● Activity:
Print the line containing "Alternate Image 1", then every line after it through the end of the material, exactly as written and without pictures.

● Collected material:
*** Block opens ***

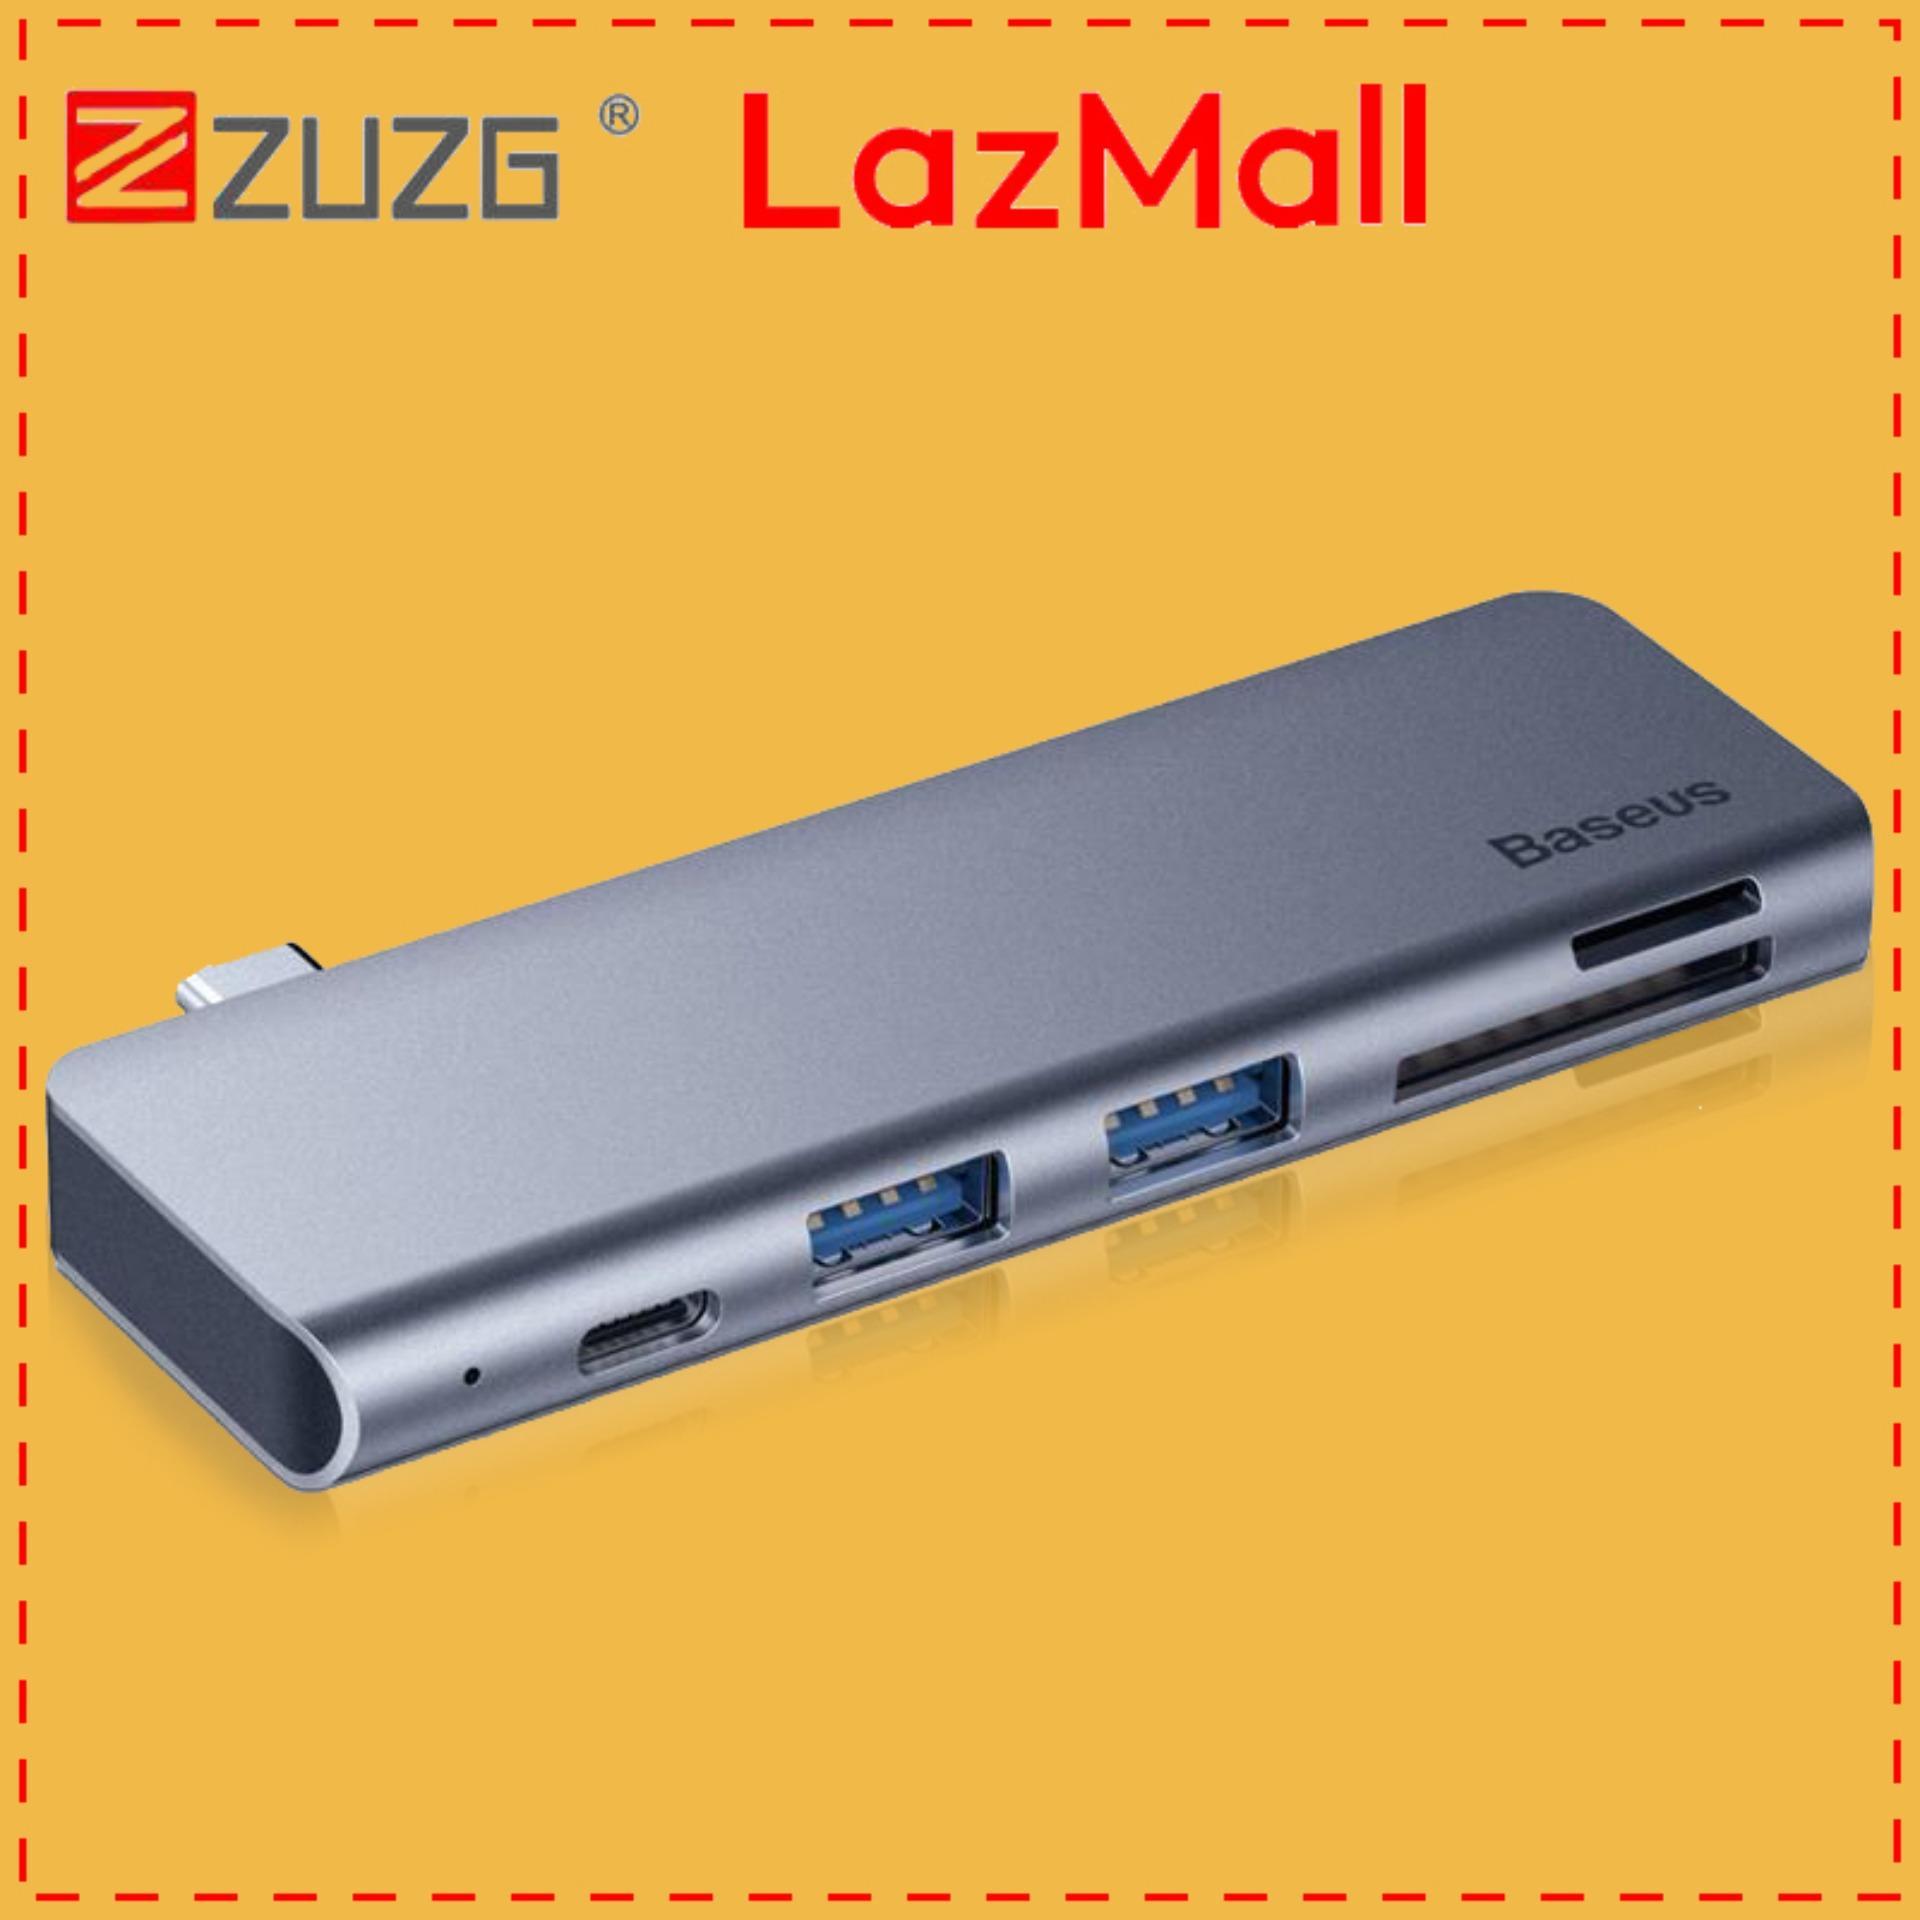 [ZUZG] USB C HUB Type-c to Multi Ports USB 3.0 USB3.0 Type C Power Adapter USB-C HUB Splitter Dock For Macbook Pro Air USBC HAB
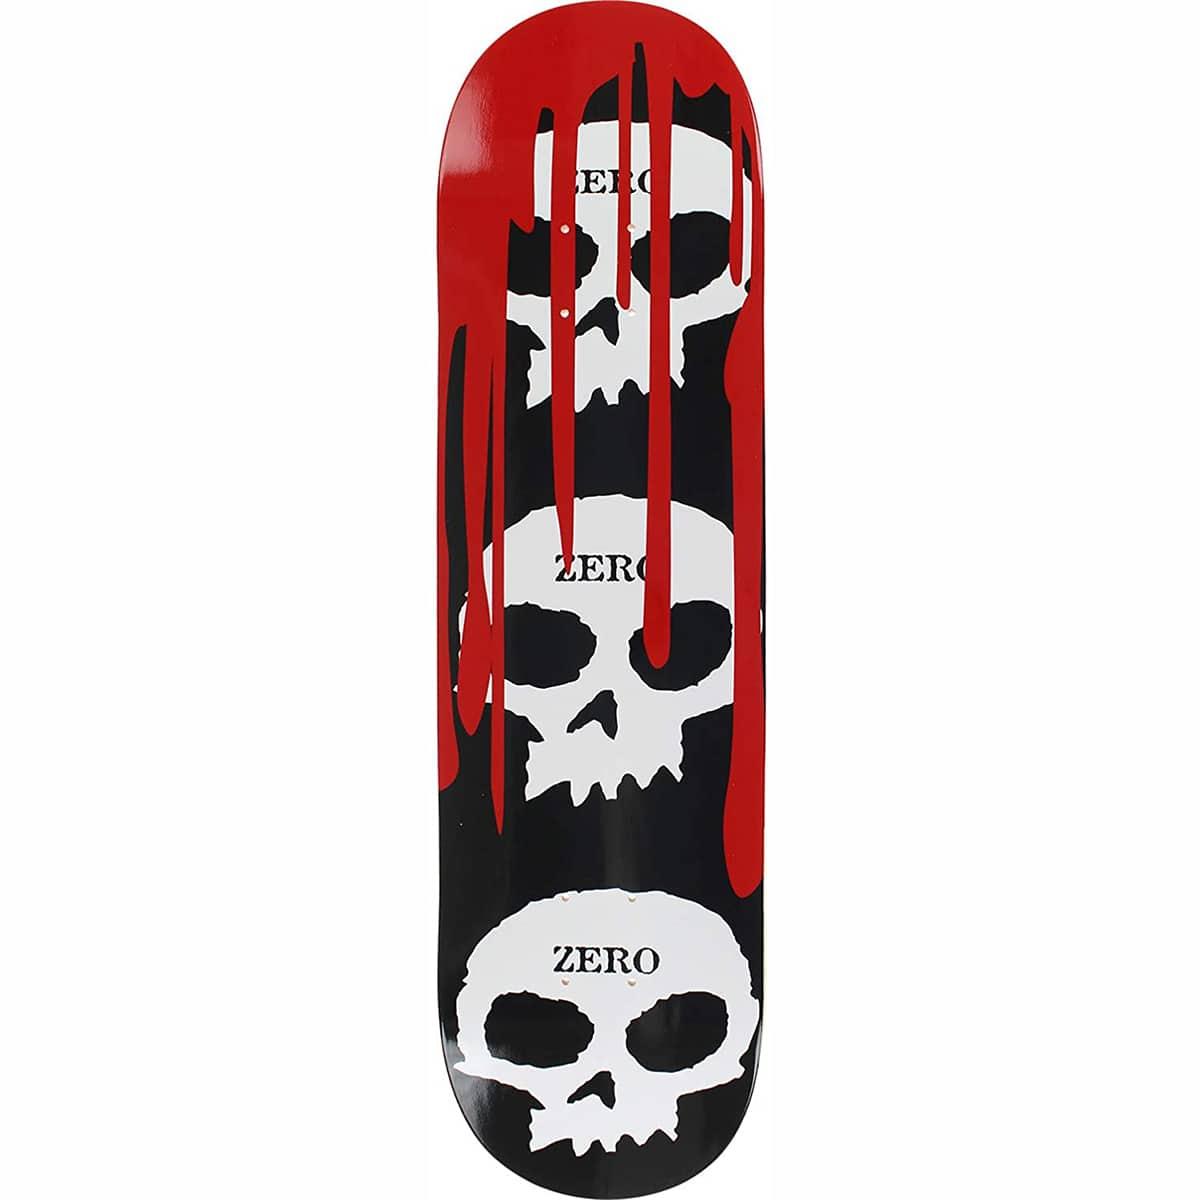 Planche de skateboard Zero 3 Skull Blood Black White Red deck 7.75″
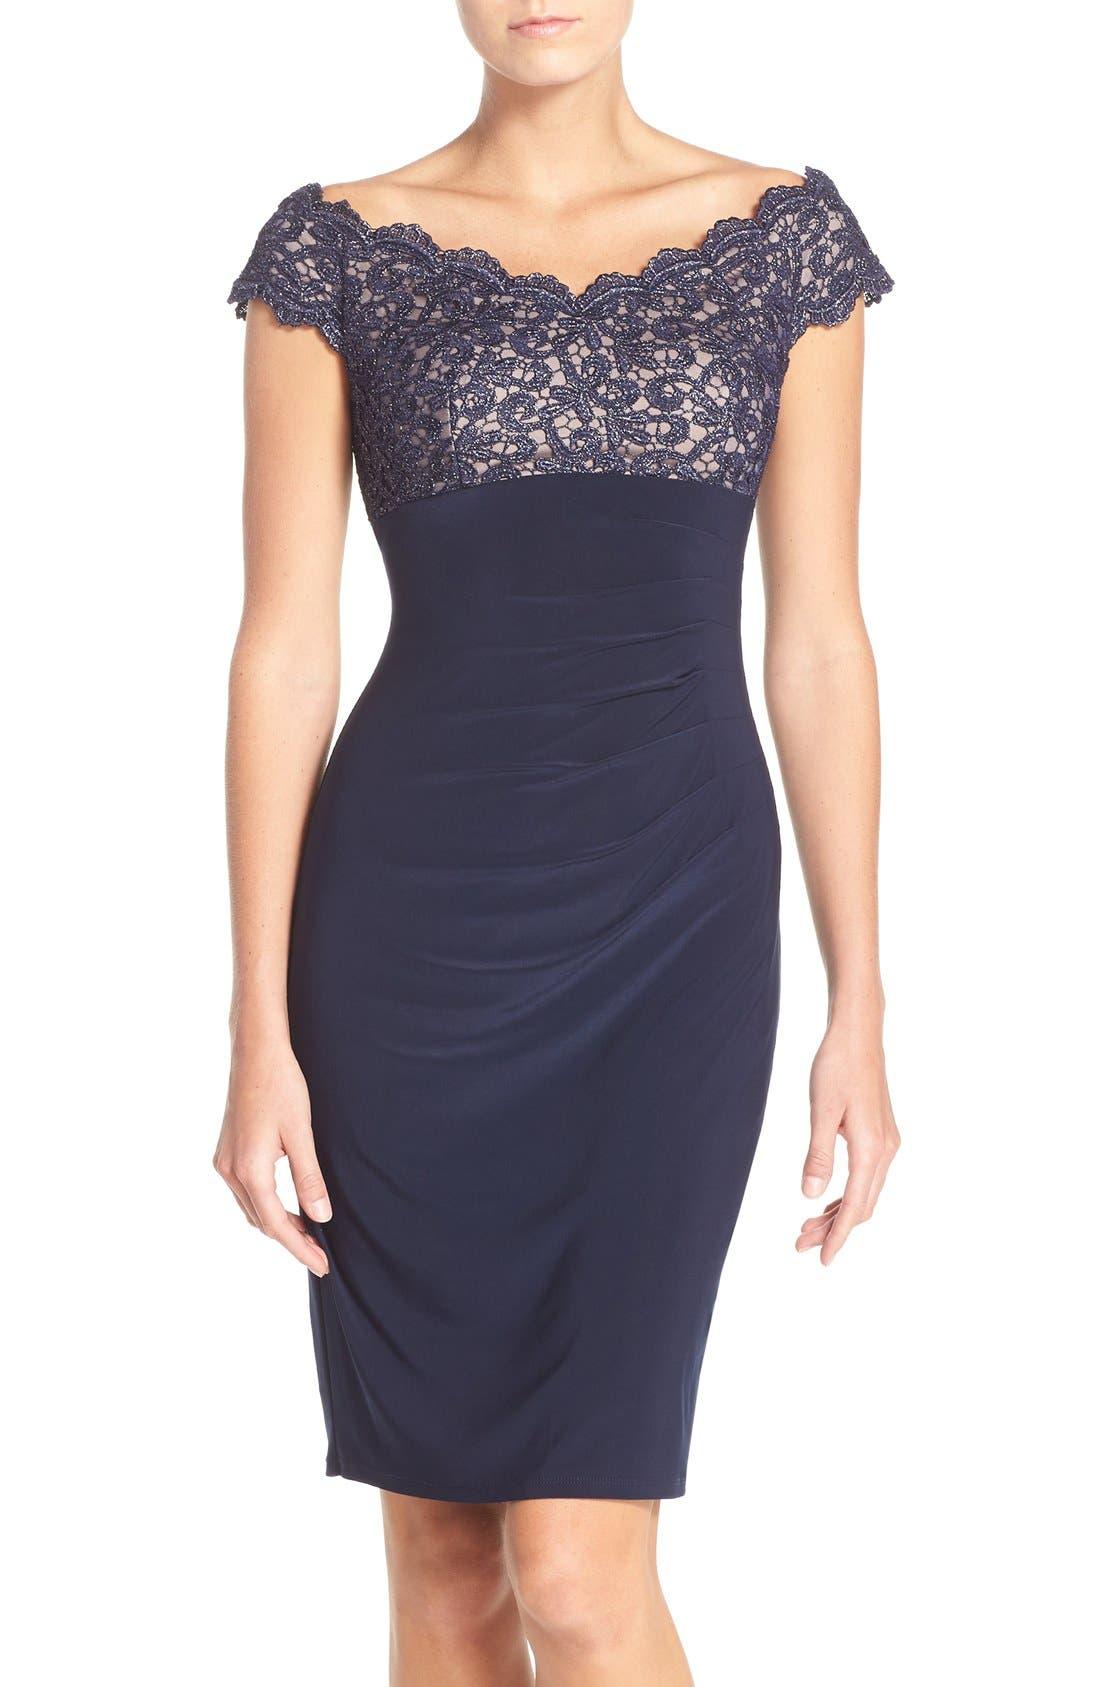 Alternate Image 1 Selected - Xscape Lace & Jersey Off the Shoulder Sheath Dress (Petite)
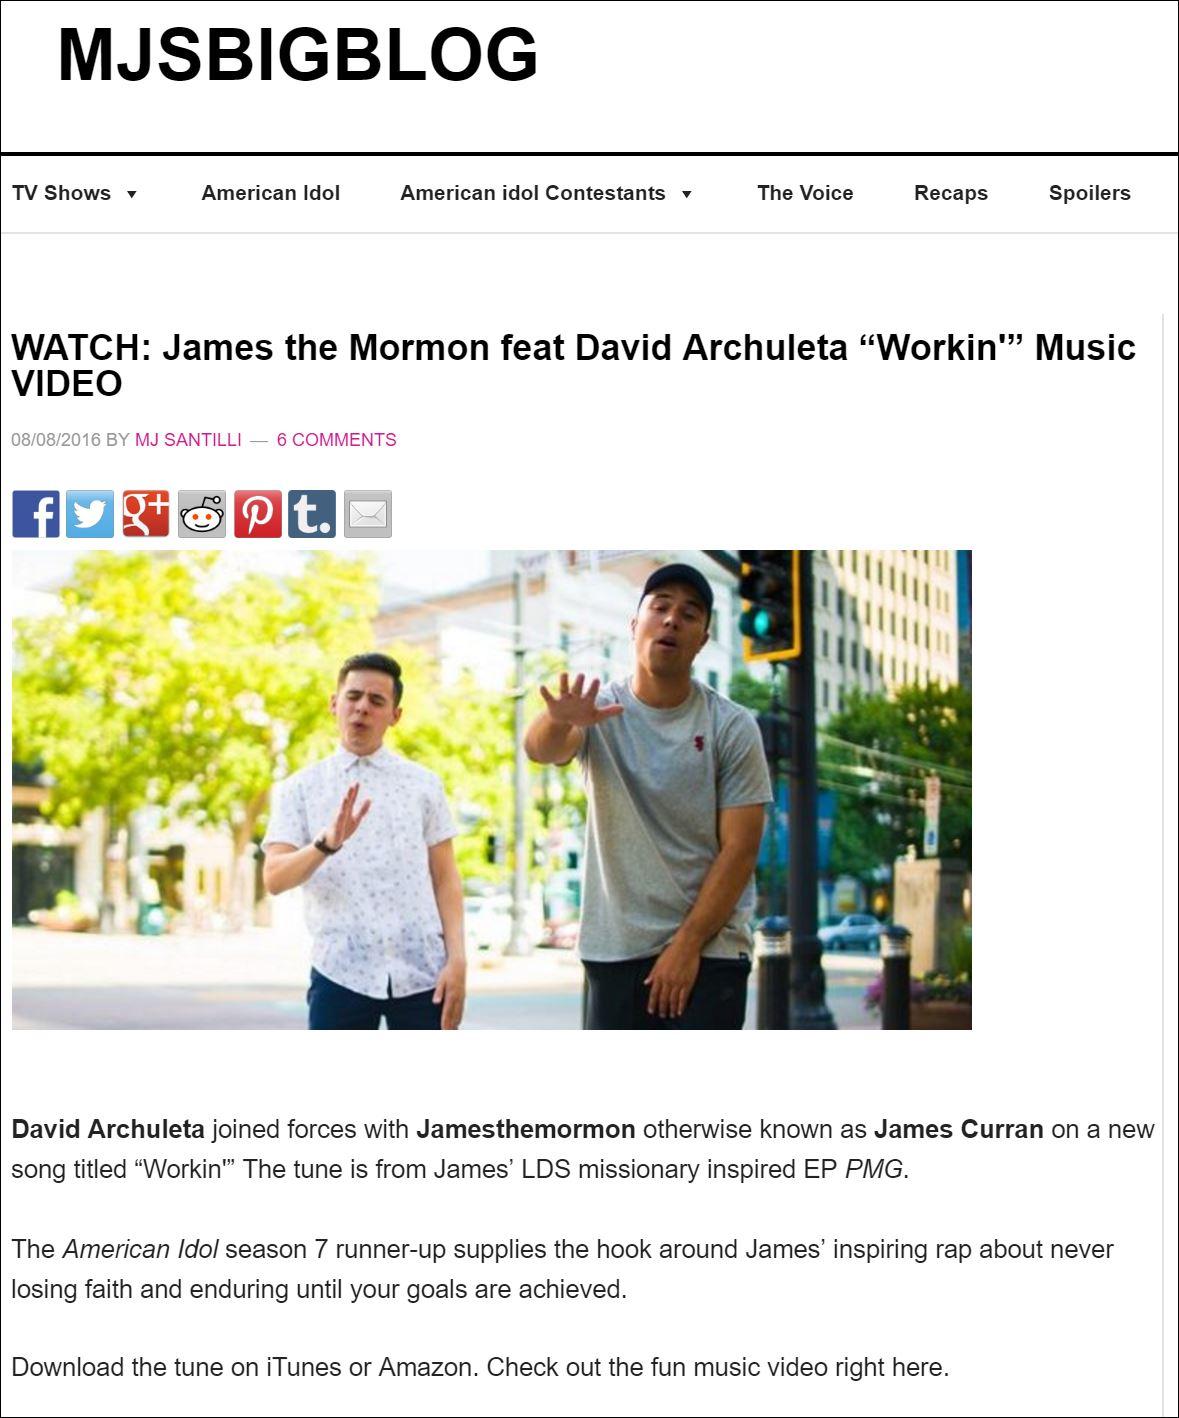 mjs big blog workin - Fans of David ArchuletaFans of David Archuleta

*** Block closes ***

● Result:
 Alternate Image 1 Selected - Xscape Lace & Jersey Off the Shoulder Sheath Dress (Petite)
 mjs big blog workin - Fans of David ArchuletaFans of David Archuleta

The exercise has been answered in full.